• Como uma consulta médica presencial de 7 minutos fez nascer a healthtech OnDoctor

    De olho em quem não tem plano privado e nos brasileiros com pouco acesso a médicos especializados, a plataforma de telemedicina criada por Alexandre Gattaz pretende democratizar o acesso à saúde no país
    Jose Renato Junior | 24 nov 2020

    Semanas – ou até meses – para agendar uma consulta. Tempo de deslocamento. Necessidade de desmarcar compromissos, remarcar reuniões. Transporte (seja público ou privado) e trânsito. Espera no consultório. Quantos dias, semanas ou até mesmo meses fazem parte do planejamento de uma simples consulta médica? 

    Alexandre Gattaz começou a prestar atenção de fato a quanto isso não fazia muito sentido em agosto de 2019. Morando, à época, na Holanda, tirou férias para voltar ao Brasil e aproveitou a viagem à terra natal para tratar uma doença crônica.
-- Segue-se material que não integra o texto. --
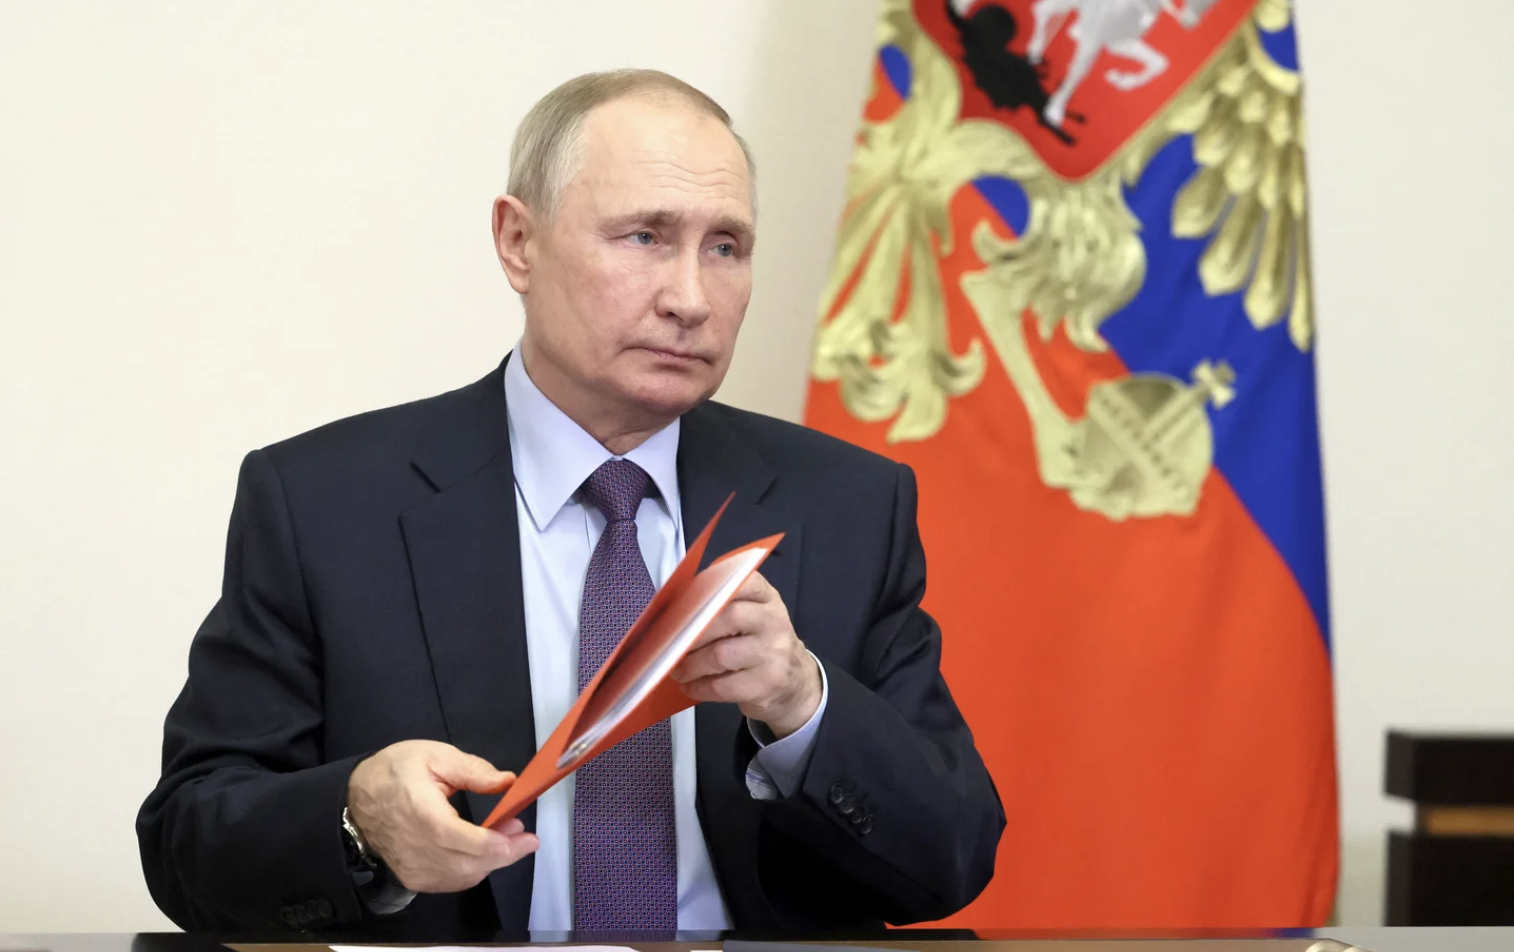 Rusia anunció que Vladimir Putin planea visitar los territorios ocupados de la región ucraniana de Donbas: “A su debido tiempo”

Marcou, então, uma visita a um médico. 

    A espera para ser atendido, uma vez no local, passou das duas horas – mas o papo com o especialista durou cerca de sete minutos. Pedidos simples de exames, continuidade dos medicamentos e R$ 300 pela visita.

    “Com a experiência de ter sido atendido remotamente na Holanda, procurei um amigo de longa data que é médico para discutir sobre o assunto”, conta. 

    O amigo, Pedro Pássaro, que já estava bastante envolvido nas discussões sobre os avanços da telemedicina no Brasil, se interessou pela possibilidade de fazer a diferença neste mercado que parecia promissor.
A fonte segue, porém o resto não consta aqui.